- **What the exercise asks**: Your task is to copy the lines from the line containing "Retro Game Club – Naruto" through the end of the listing below, both included, without any pictures.

- **Dataset excerpt**:

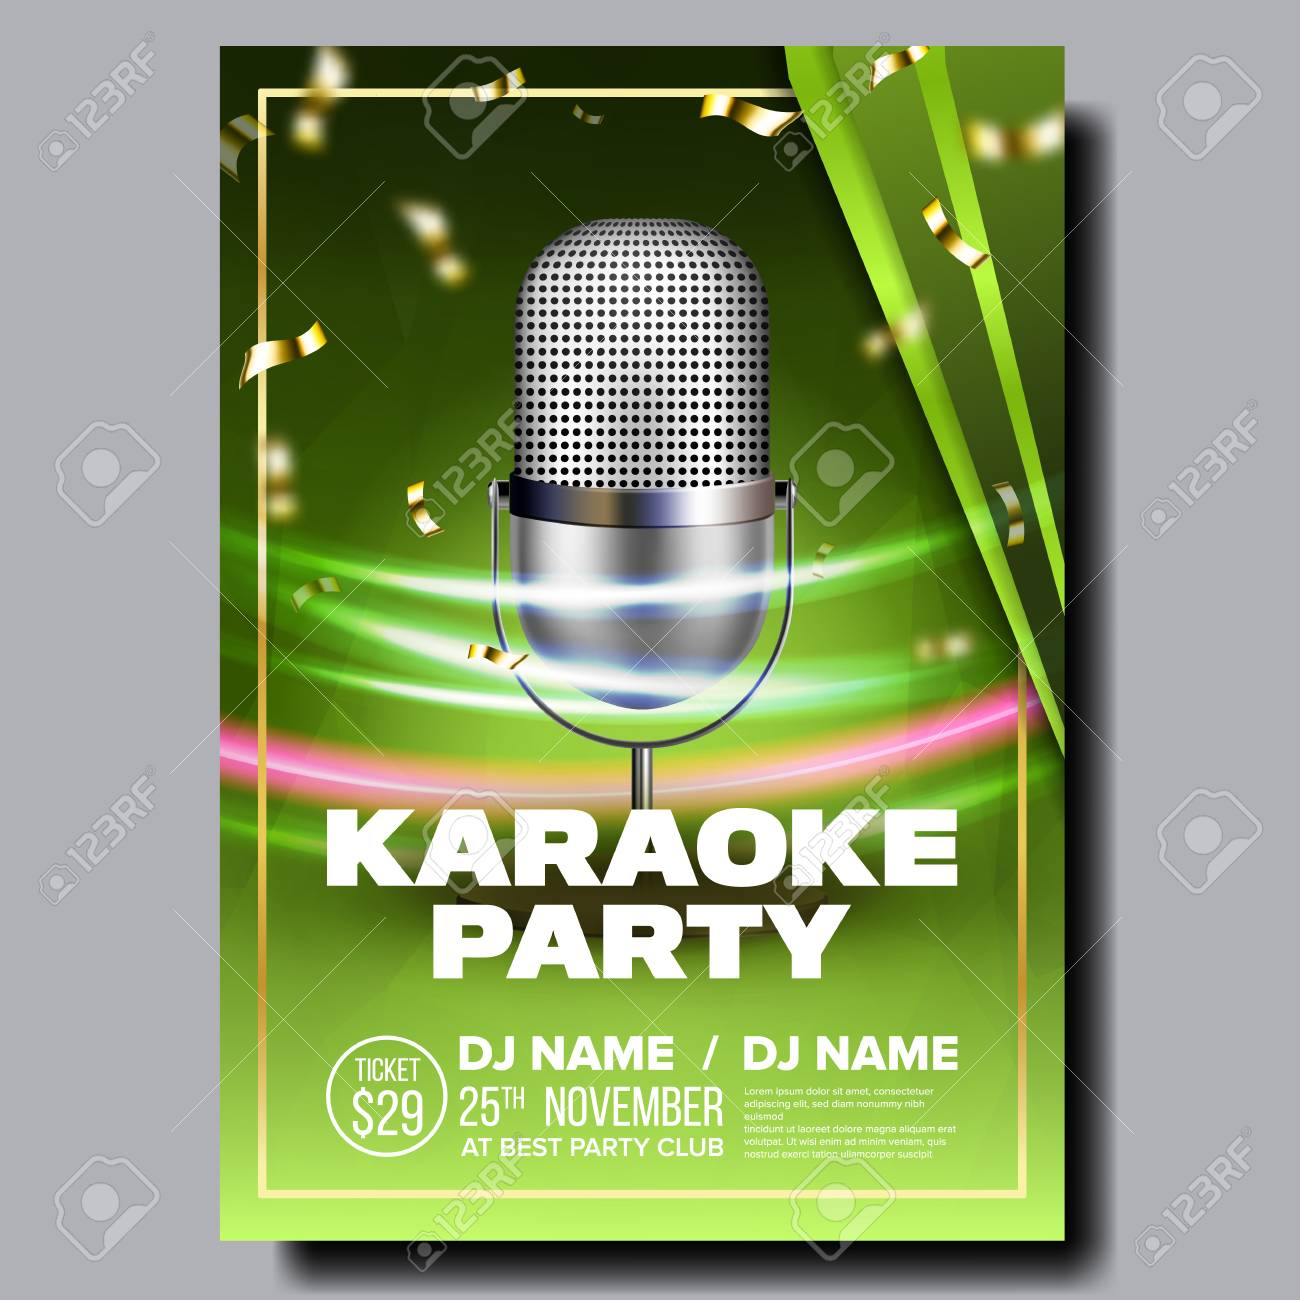 Karaoke Poster Vector  Sing Song  Karaoke Dance Event  Vintage
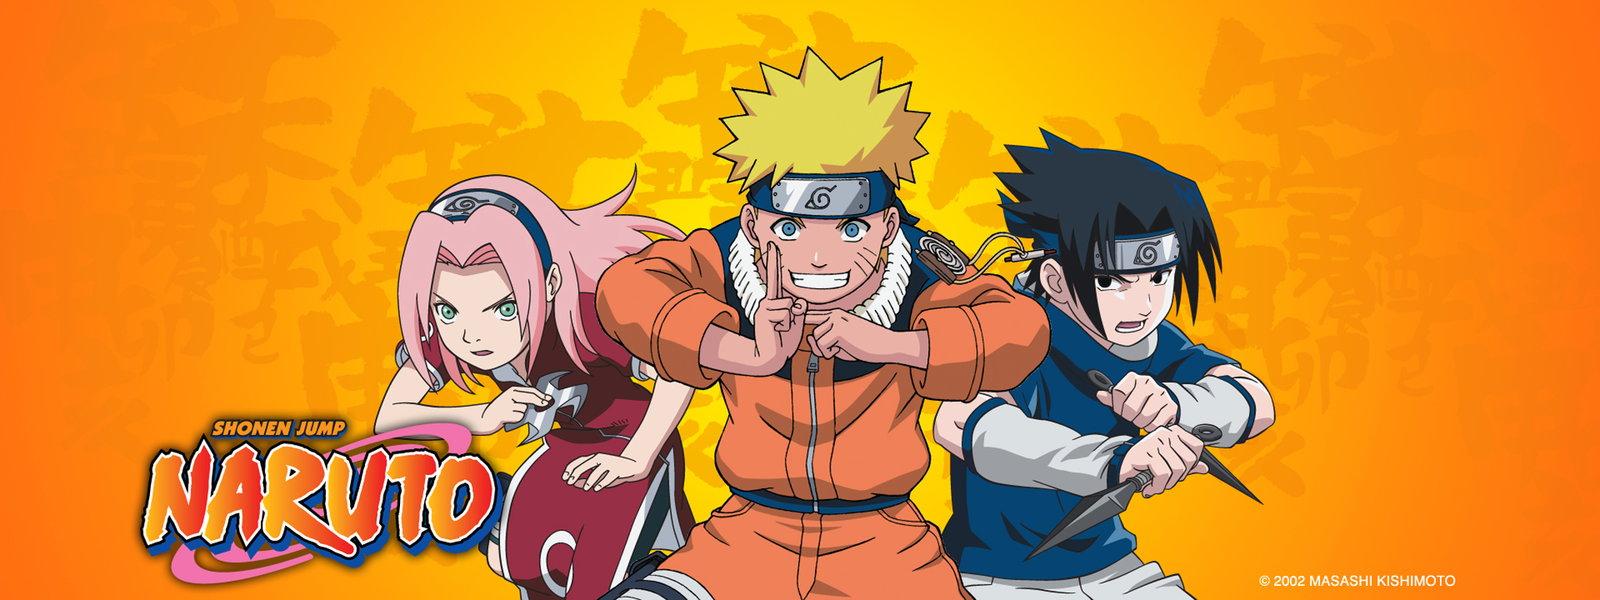 Retro Game Club – Naruto
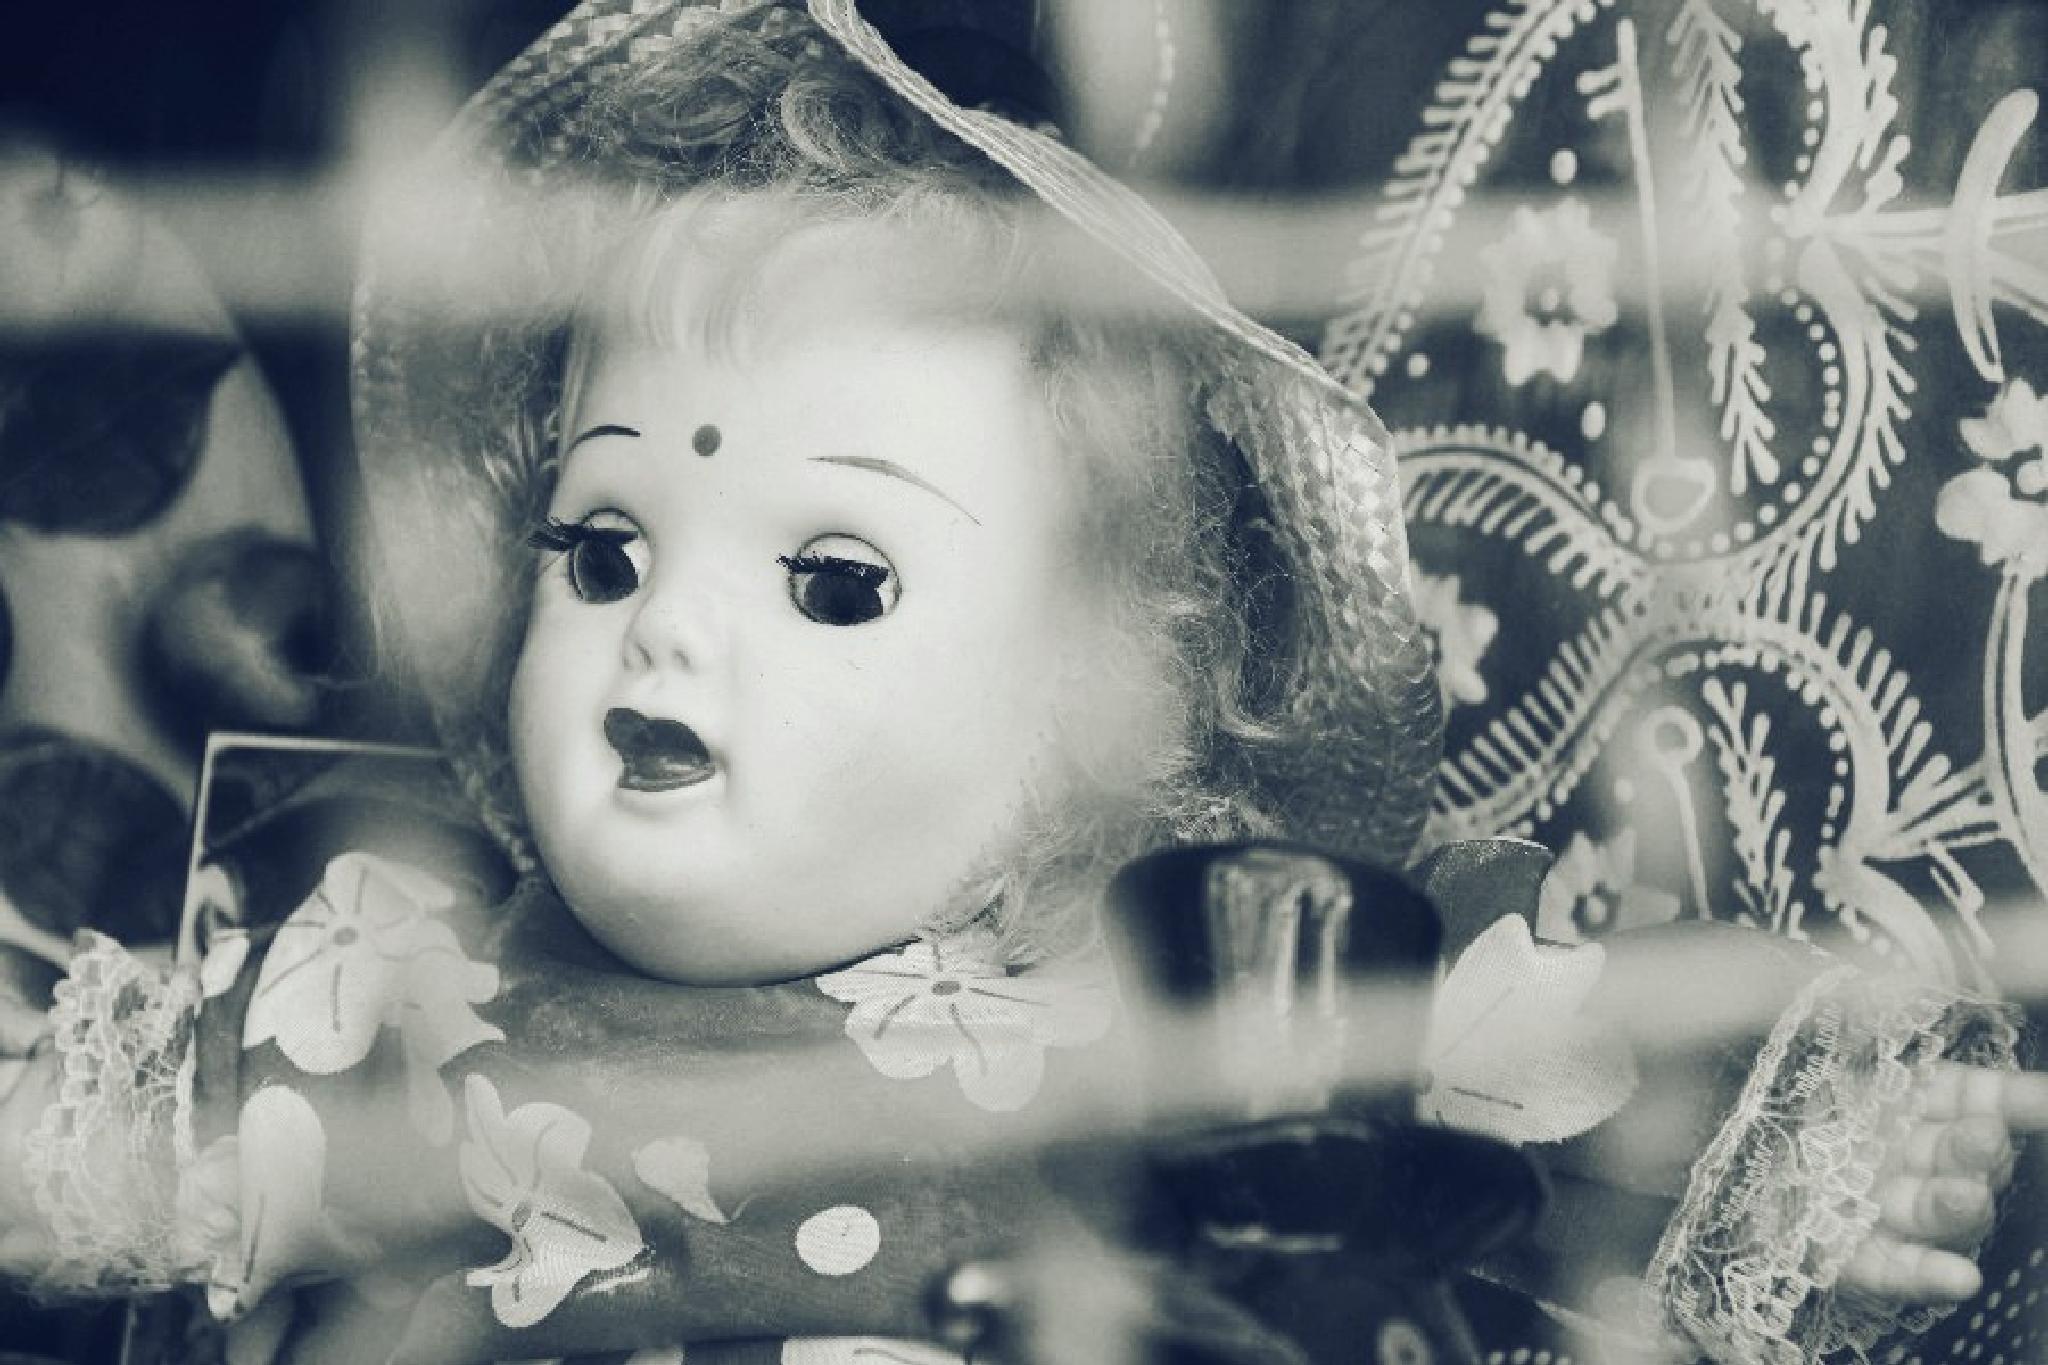 Doll in prison by Helena Lagartinho

- **Output for this exercise**:
 Retro Game Club – Naruto
 Doll in prison by Helena Lagartinho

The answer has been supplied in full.